The human body is designed to be happy, but it also has the skills to meet all sorts of experiences. If I was being attacked by a tiger, the first thing I would do is protect my vulnerable areas. I would raise the shoulders, close the legs to protect the groin and close the armpits and protect all the arteries and the important systems of the body. Such a protective shape would help save me from attack, but you see many people walking down the street just like this. It may be very useful against a tiger, but for shopping it is completely inappropriate. It prevents the experience of connection. If you want to connect with what is going on your body has to be open.
If you are sitting down at a table and notice your hands are gripping a cup, just relax the hands around the cup and feel the feet underneath the table suddenly give way and soften. That letting go begins the process of emptying identity out. These are the sort of physical aspects that meditators have addressed for hundreds if not thousands of years. Writings from centuries ago recommend to teachers 'Watch your students when they are walking in sand, you will notice their manner in the footprints'. Your footprints mirror the trail of personality you leave behind in the world. Breath out and go lightly and there will be no trail of you, nothing left behind.

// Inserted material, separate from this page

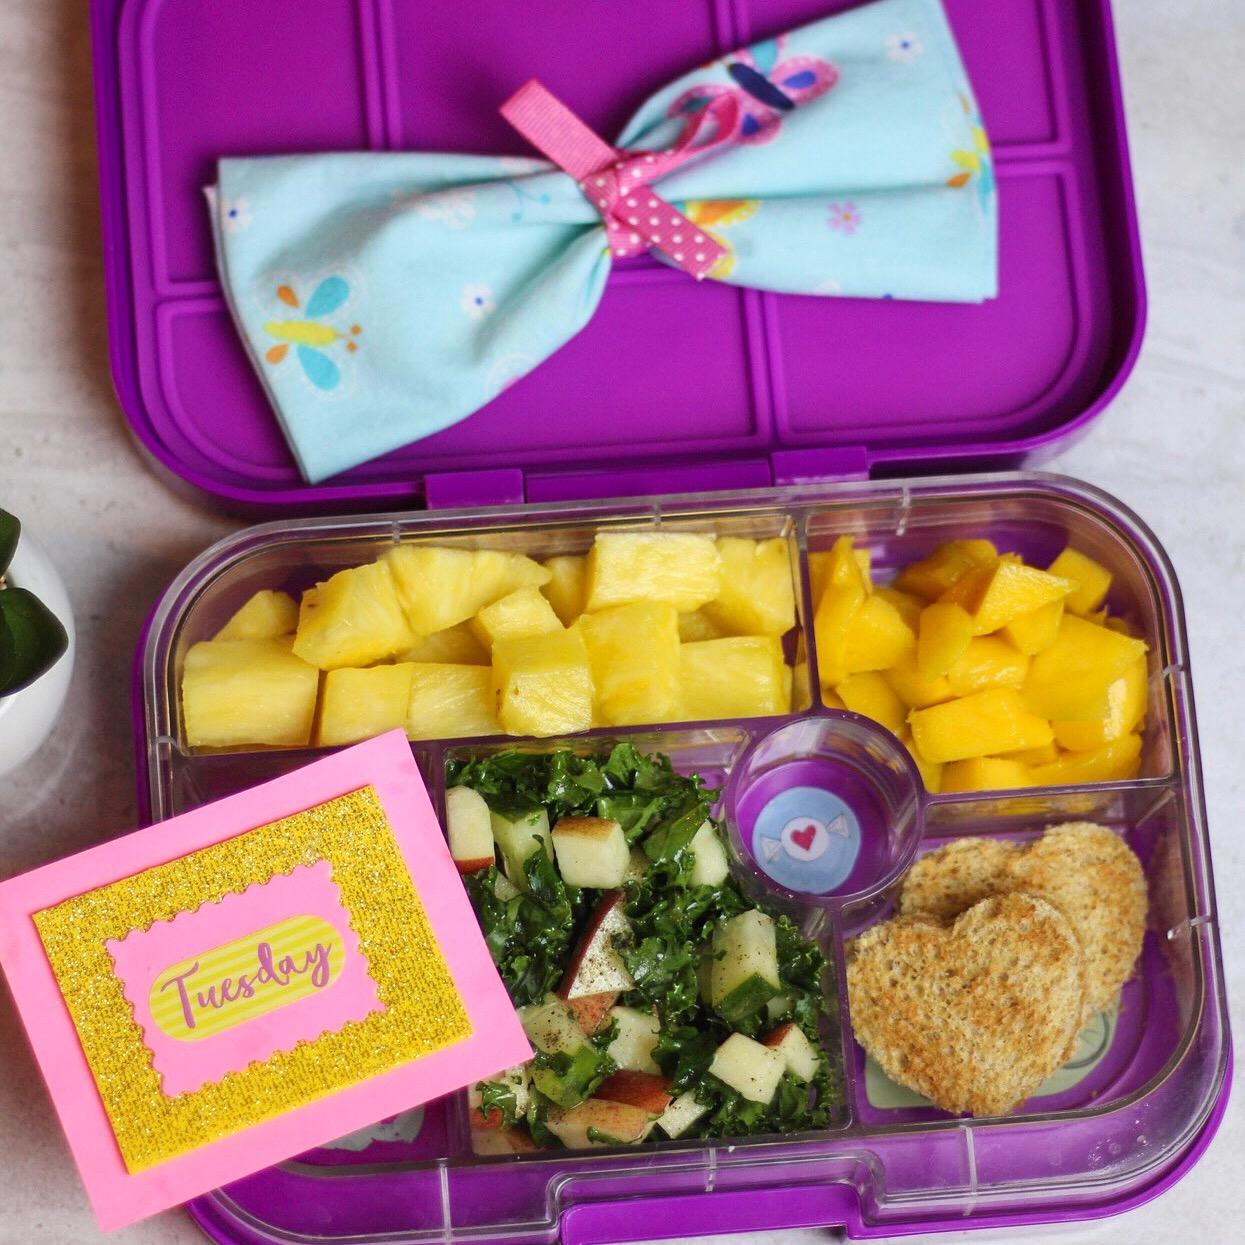 salad day! - Kale salad (kale,apples,cucumbers,sweet vinaigrette), toasted PB sandwiches, mango, and pineapple!

It is helpful, when walking, to ensure that body is not continually falling over. In walking, the leg moves and then the weight moves. So walking always has the weight over the leg that is resting on the ground. That is what true walking is, rather than running. It is the act of standing, balanced on one leg, moving the other leg and then letting the weight transfer with the belly from one to the other. This seems obvious and yet most people move the weight before the leg has landed, falling forward with both the weight and the mind out of balance.

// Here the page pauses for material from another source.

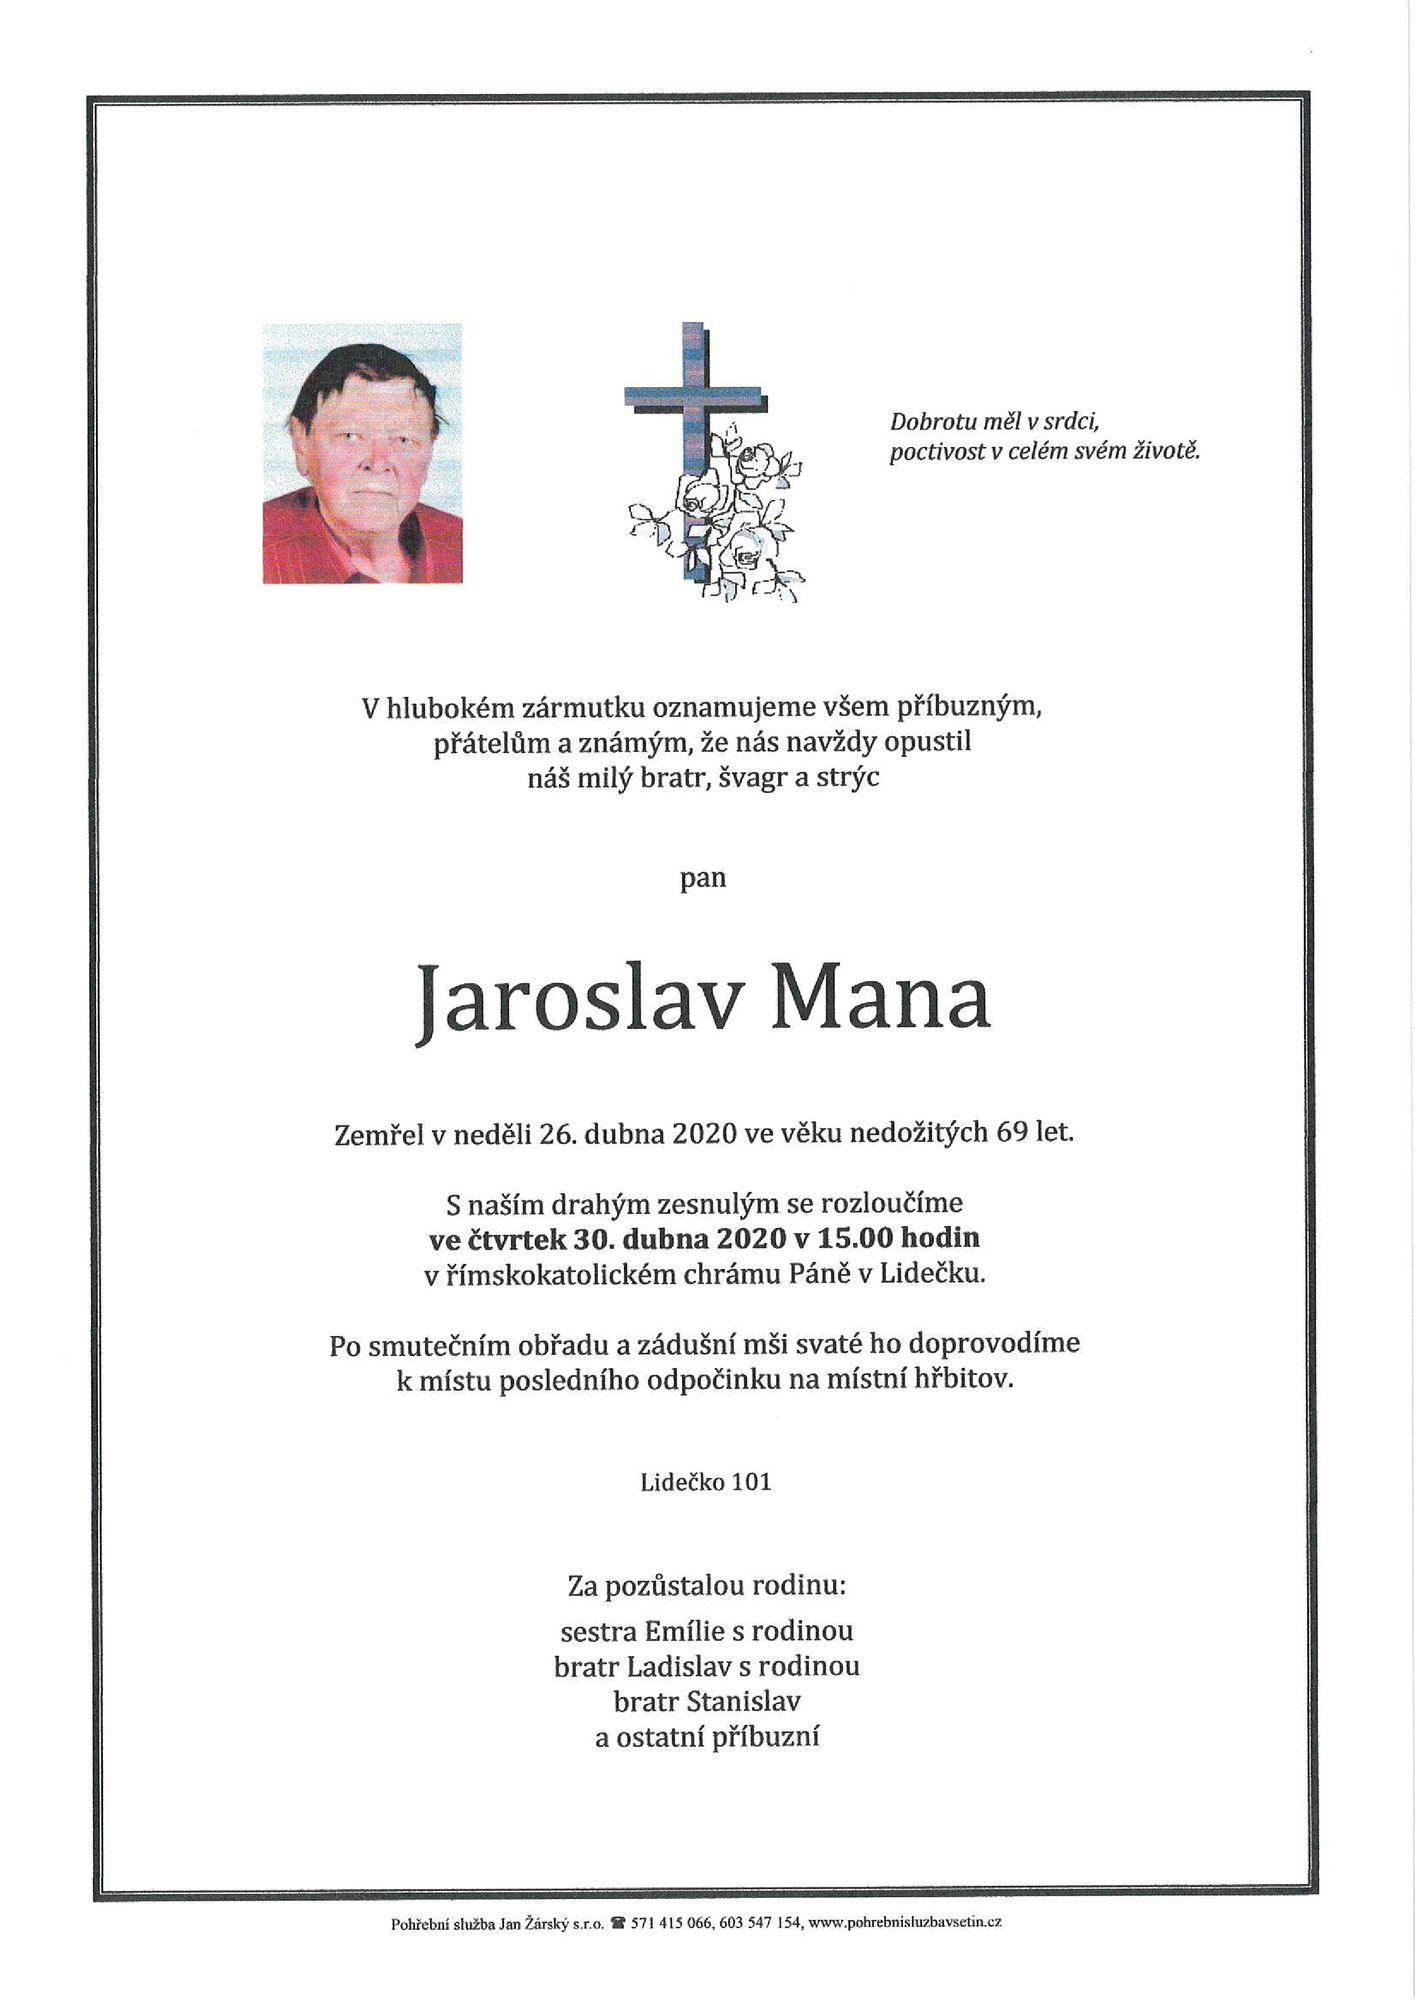 Jaroslav Mana
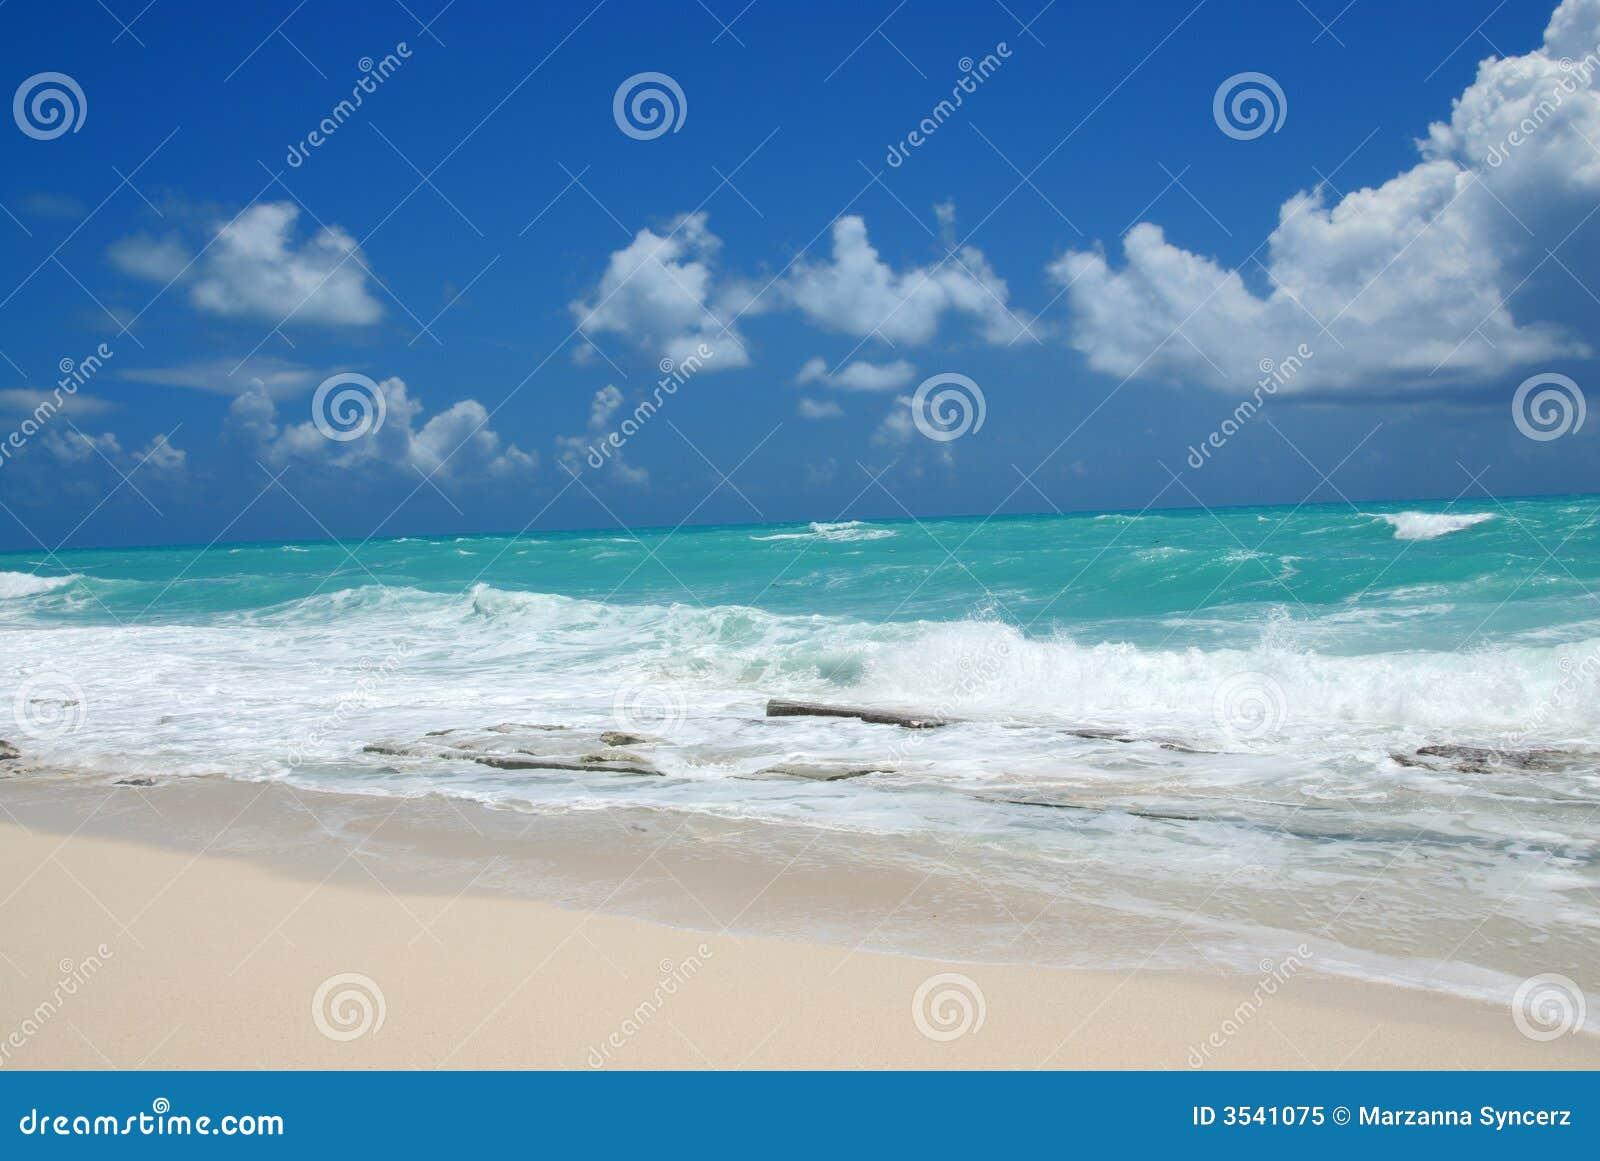 Ocean waves and beach scenery

The practice of walking skilfully will stop the distraction of mind. Attention is fully absorbed in the sensuality of the action rather than drifting off somewhere else. If you walk with the weight balanced on the front of the foot you will find that chattering mind becomes silent. You will connect and merge with the moment. To stop the process of distracted mind, attention must be fully absorbed in the sensuality of the action; moving the leg, moving the weight, feeling the weight resting into the floor. It is the placing of attention in the leg moving, and the weight, and the breath that is the meditation. This is the route into the present moment and to finding out what you truly are.
The way into the moment is to let go of distraction and place the attention on what is happening right here and now. It is a different form of habit, a different form of training from clinging and craving. It is also important that you realise meditation practice is a sensual activity, not an intellectual one. It is the direct experience, even when one is observing thought. It is awareness of the sensuality of the thought process, rather than what the thought means. The work of the meditator is to observe what rises and falls as a sensual event; of the body in the body and mind in mind.
If you follow this practice it will profoundly change your life. It will bring you more in touch with what is really going on, whatever that is. It will begin to feed into the way that you behave, but you must give it time.